**RECORDED INFORMATION:**
________________________

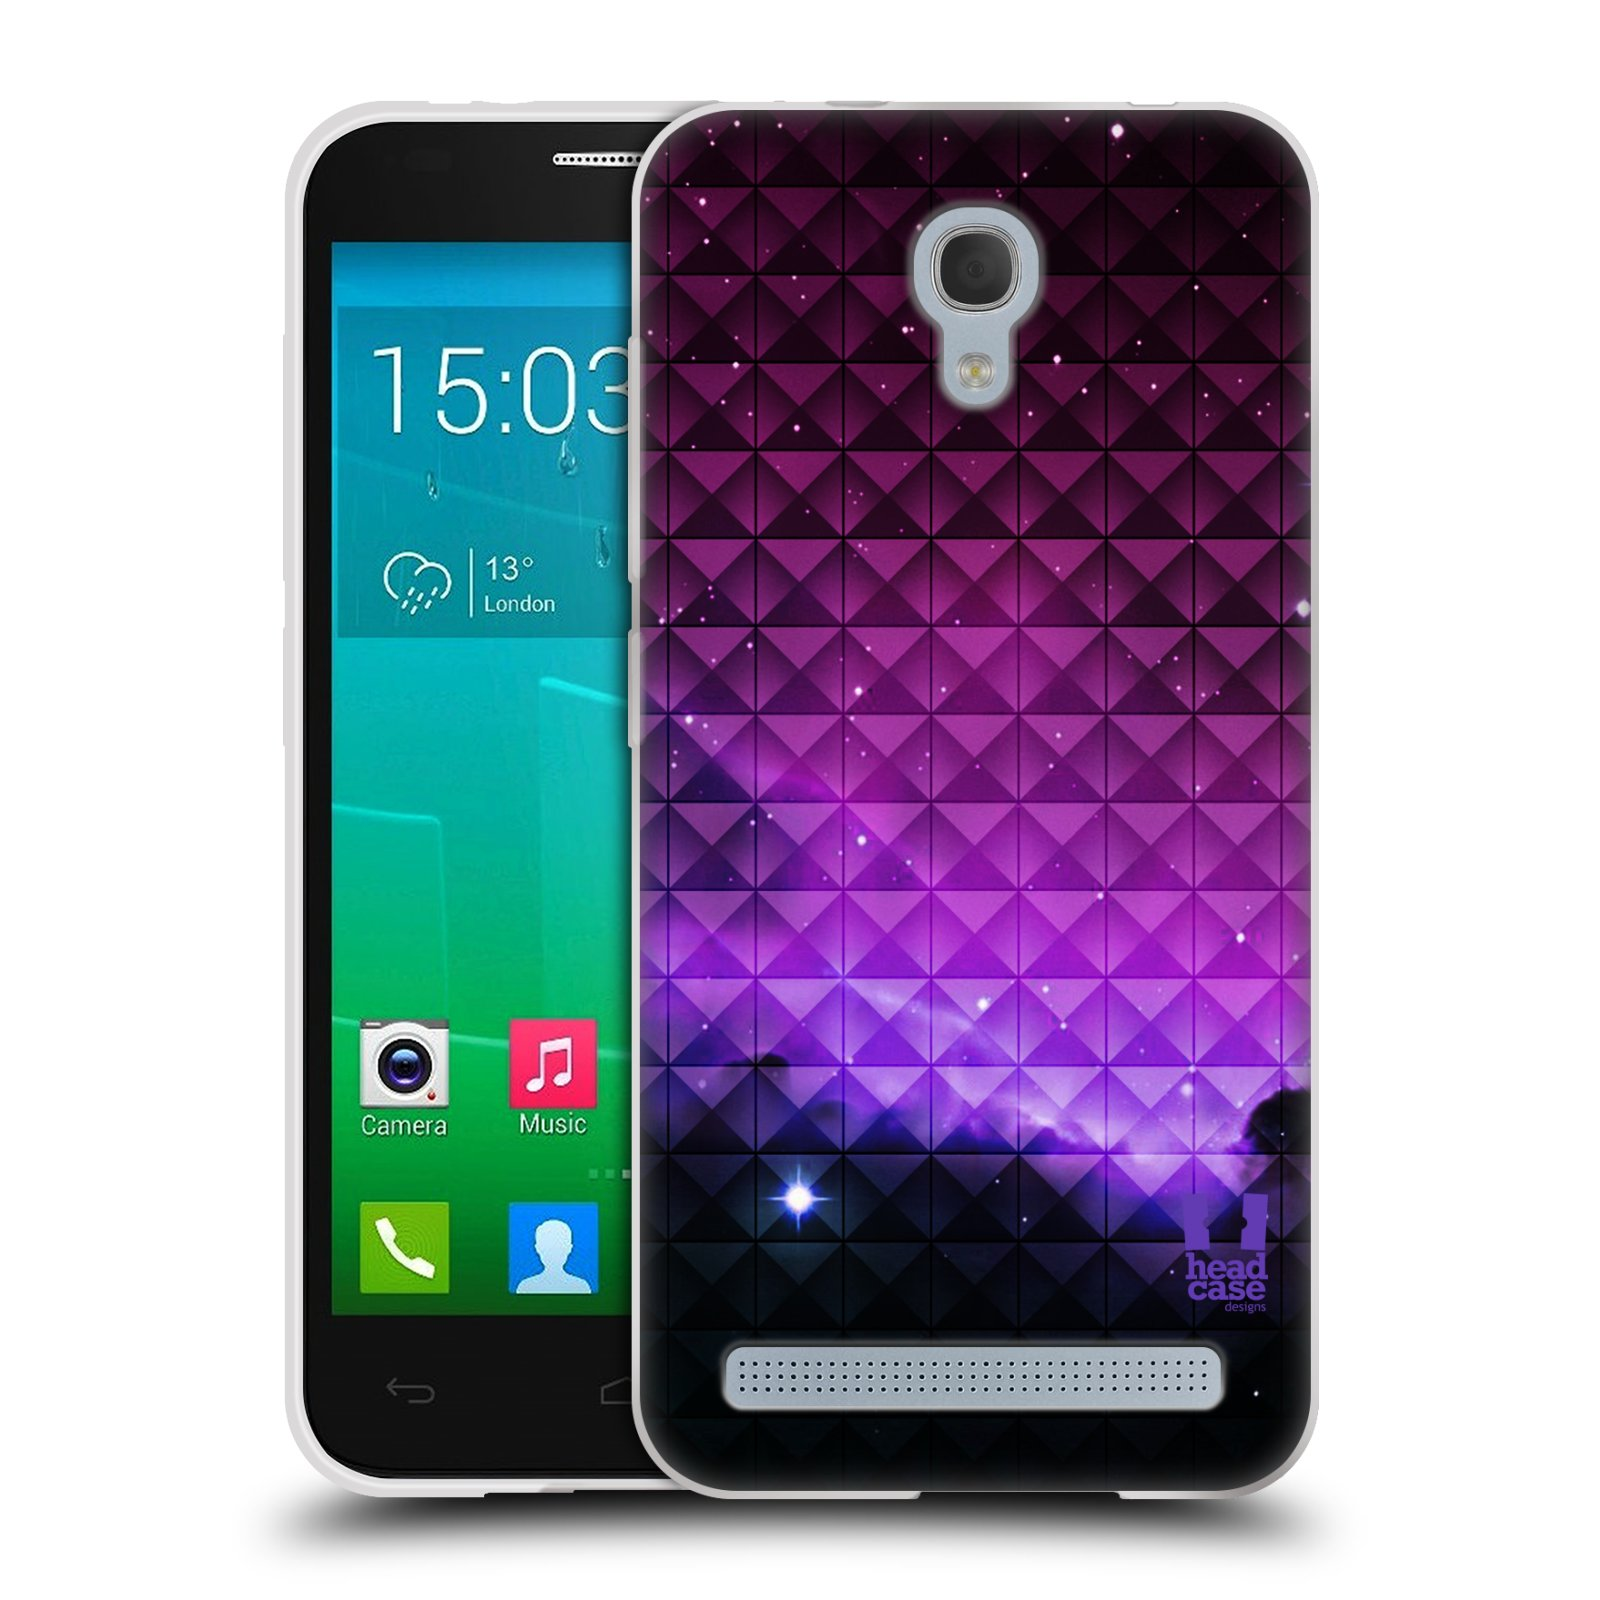 Silikonové pouzdro na mobil Alcatel One Touch Idol 2 Mini S 6036Y HEAD CASE PURPLE HAZE (Silikonový kryt či obal na mobilní telefon Alcatel Idol 2 Mini S OT-6036Y)
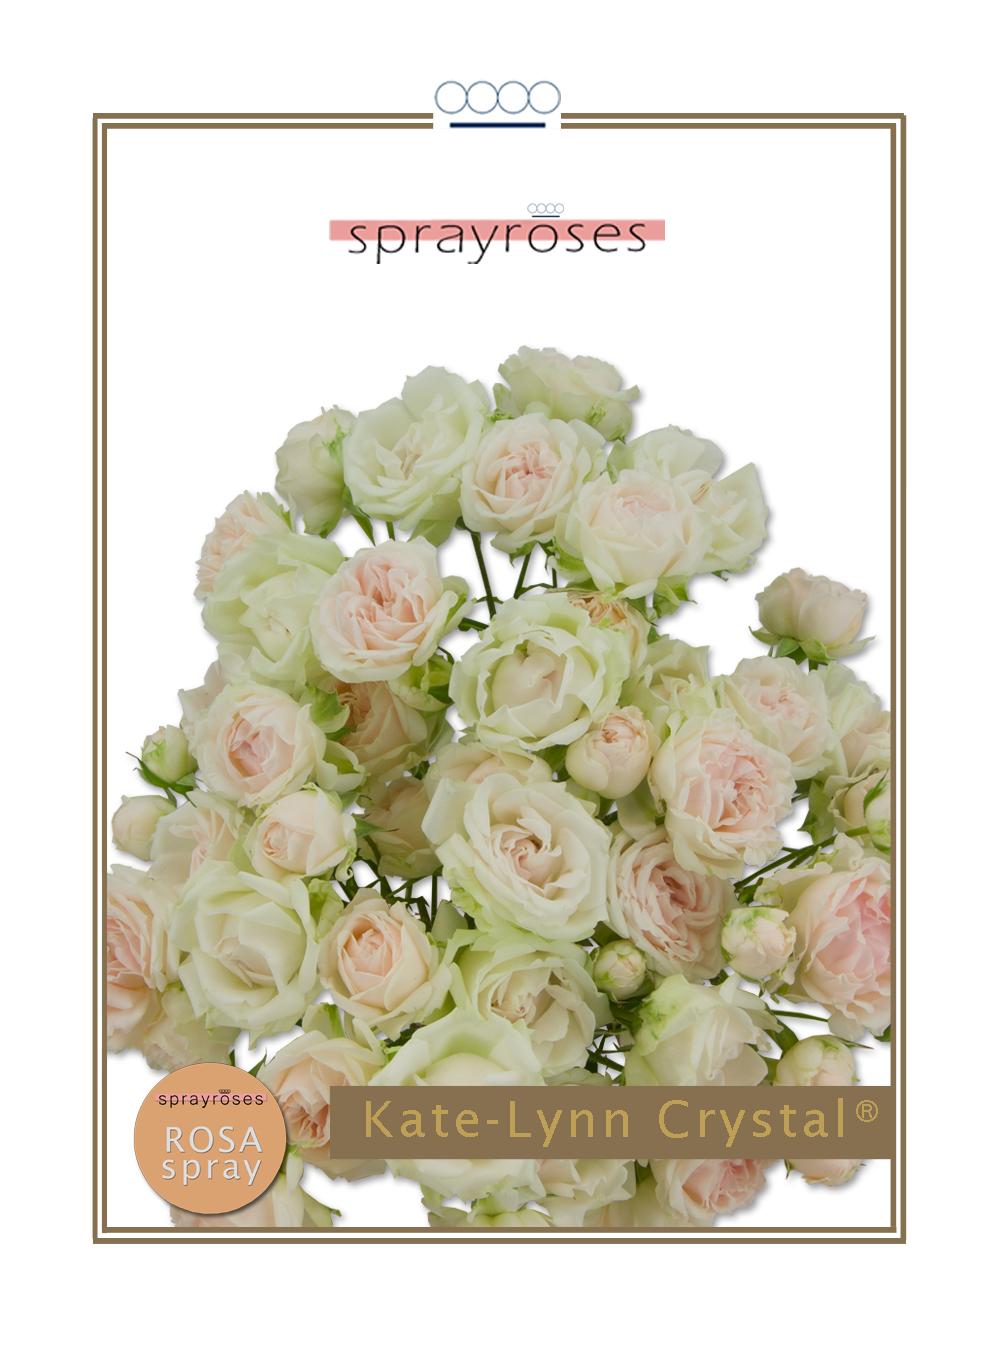 Kate-Lynn Crystal®
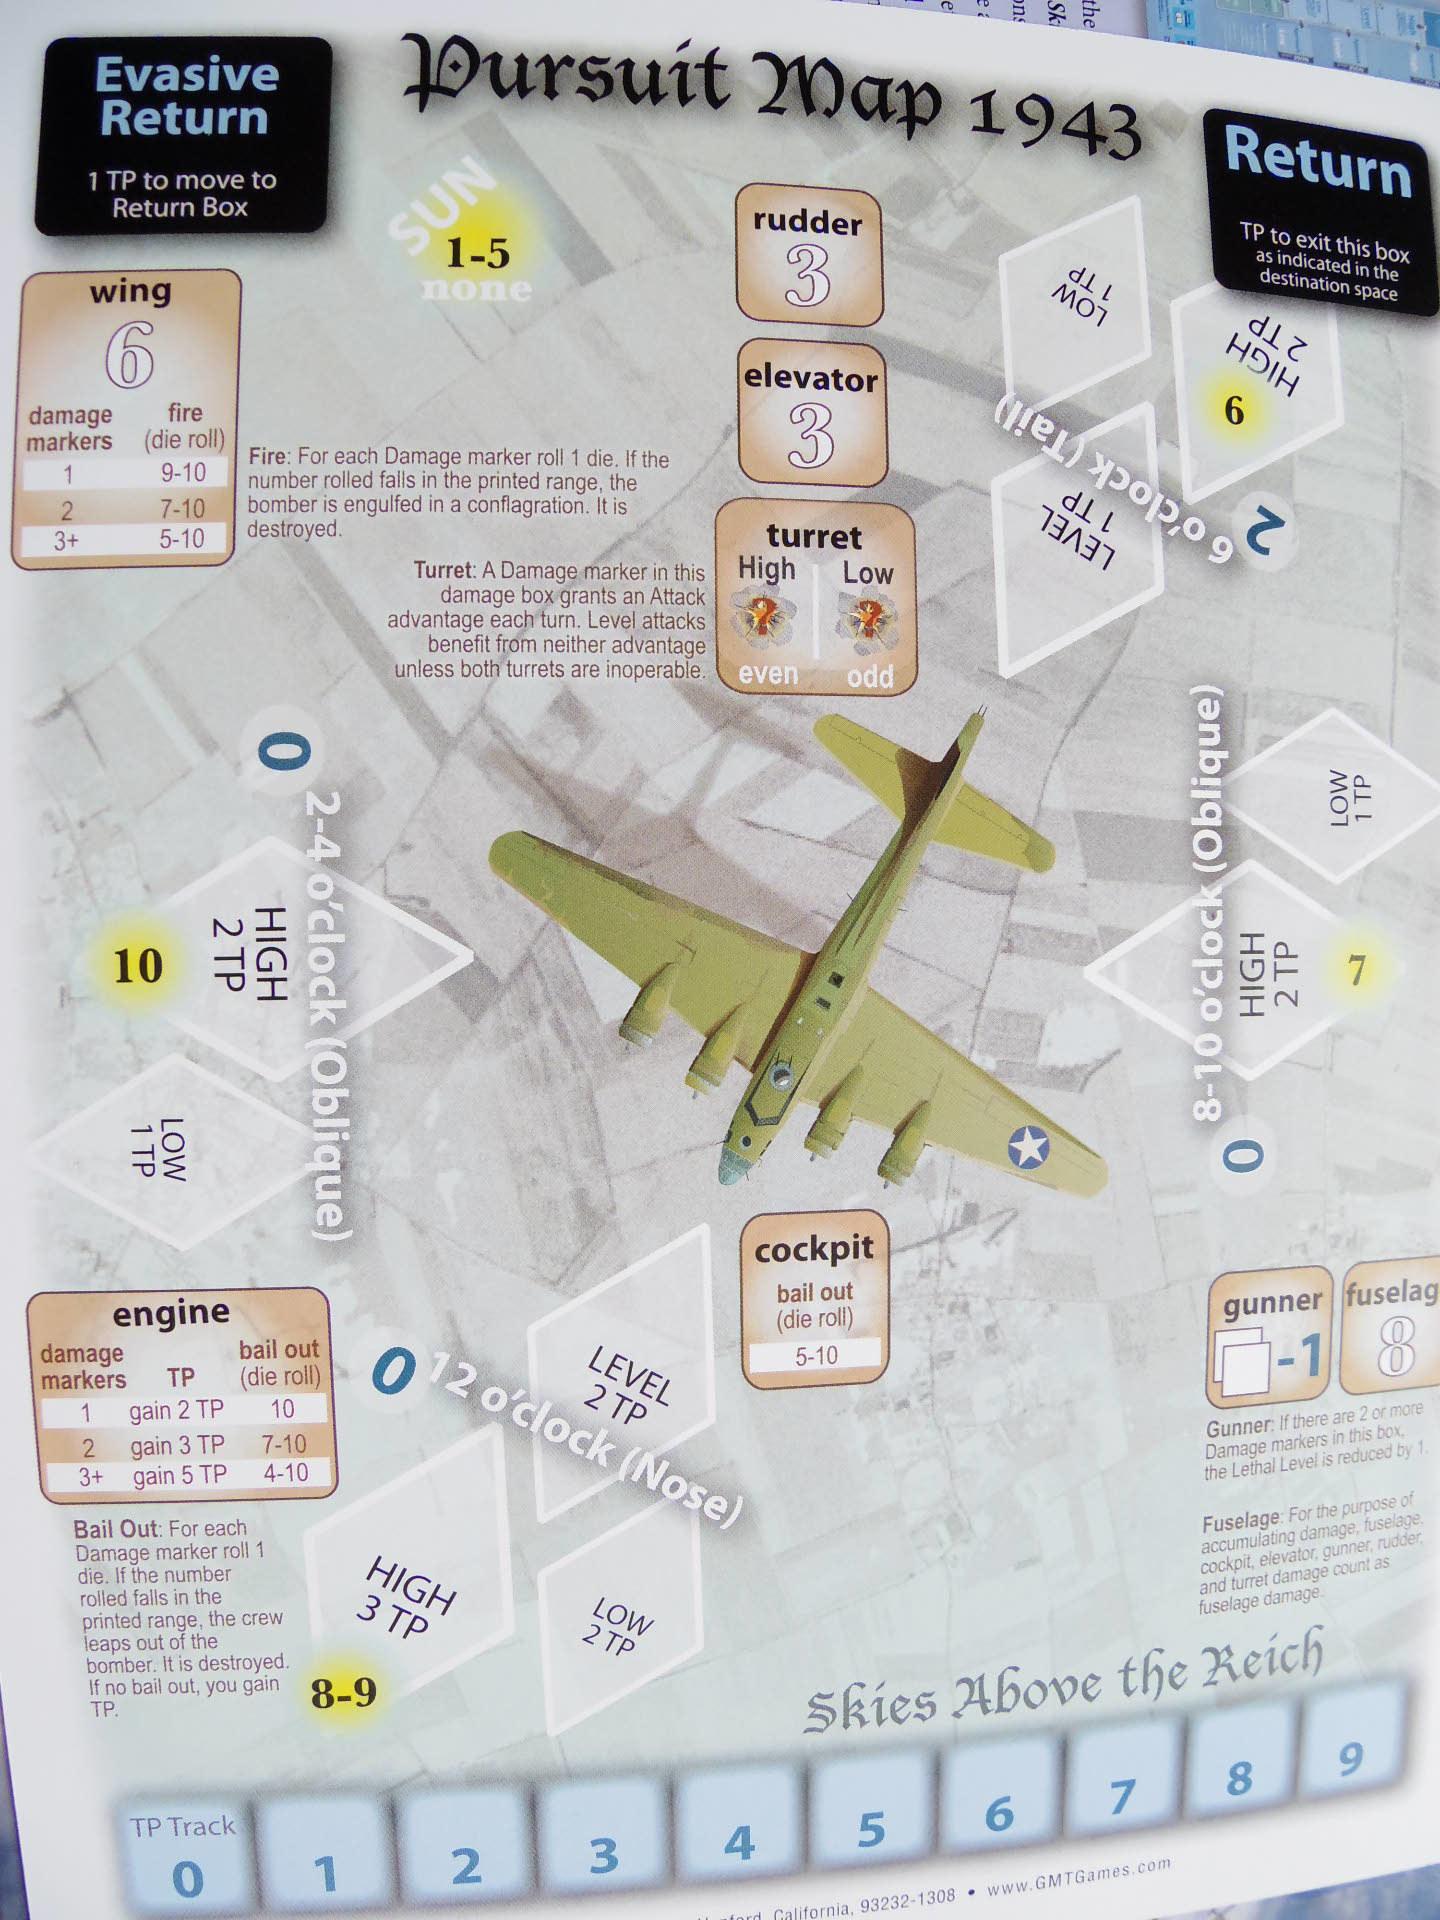 (GMT)Skies Above the Reich ドイツ本土昼間防空戦(ソロ専用)...かつてのウォーゲーム・ブーム期を上回る勢いで続々と出版される最新ゲームたち➁_b0173672_22542896.jpg
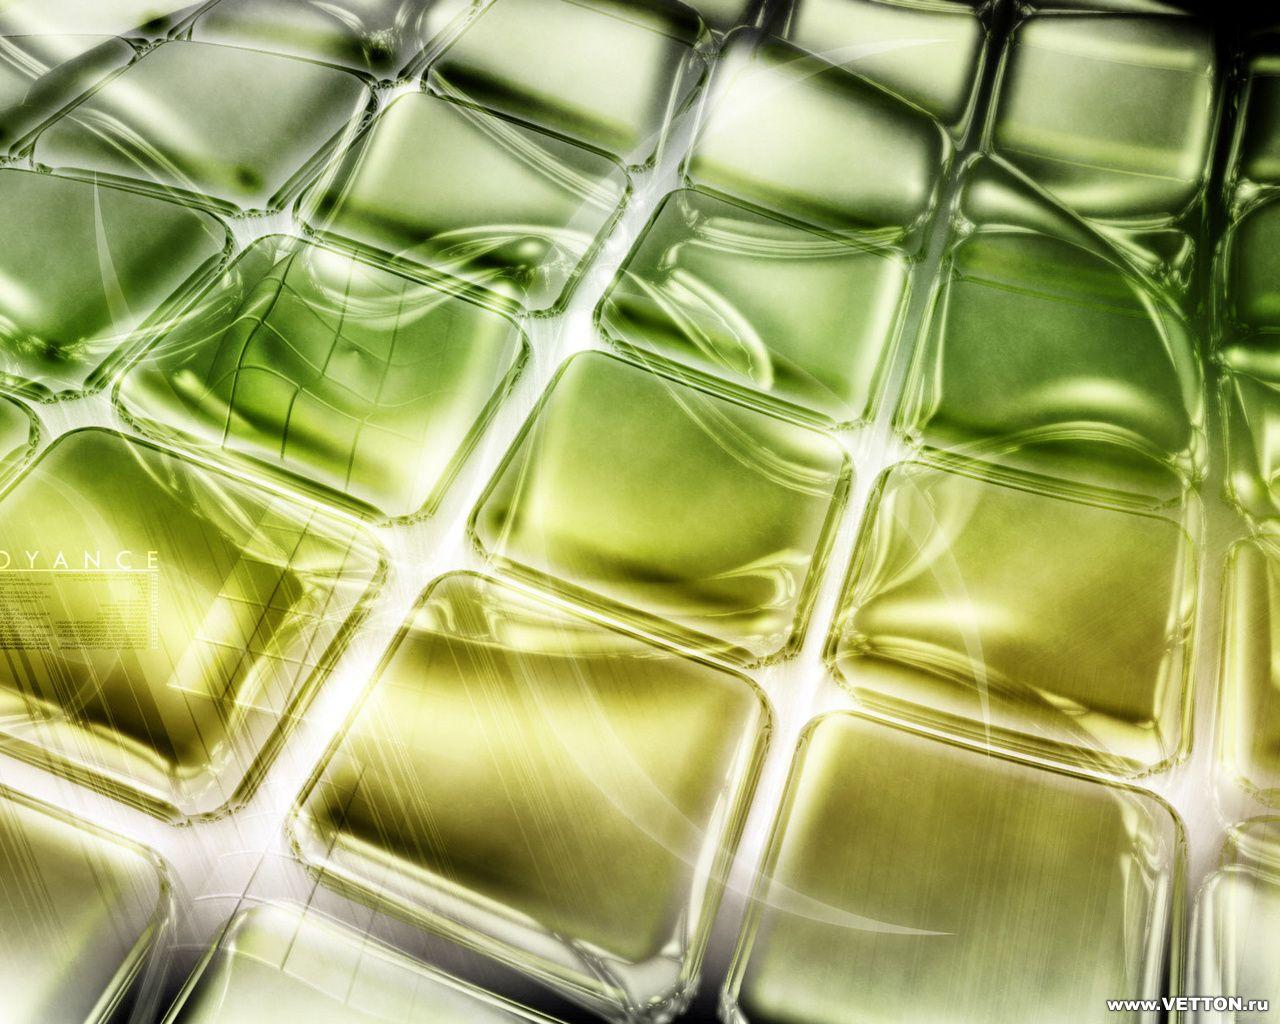 Crystal Wallpaper For Walls: CRYSTAL WALL PAPERS: Crystal Wallpaper

________________________

**ABOUT THIS EXERCISE:** Start to finish, write out the data above exactly, omitting all pictures.

**ANSWER SPACE:**
 Silikonové pouzdro na mobil Alcatel One Touch Idol 2 Mini S 6036Y HEAD CASE PURPLE HAZE (Silikonový kryt či obal na mobilní telefon Alcatel Idol 2 Mini S OT-6036Y)
 Kate-Lynn Crystal®
 (GMT)Skies Above the Reich ドイツ本土昼間防空戦(ソロ専用)...かつてのウォーゲーム・ブーム期を上回る勢いで続々と出版される最新ゲームたち➁_b0173672_22542896.jpg
 Crystal Wallpaper For Walls: CRYSTAL WALL PAPERS: Crystal Wallpaper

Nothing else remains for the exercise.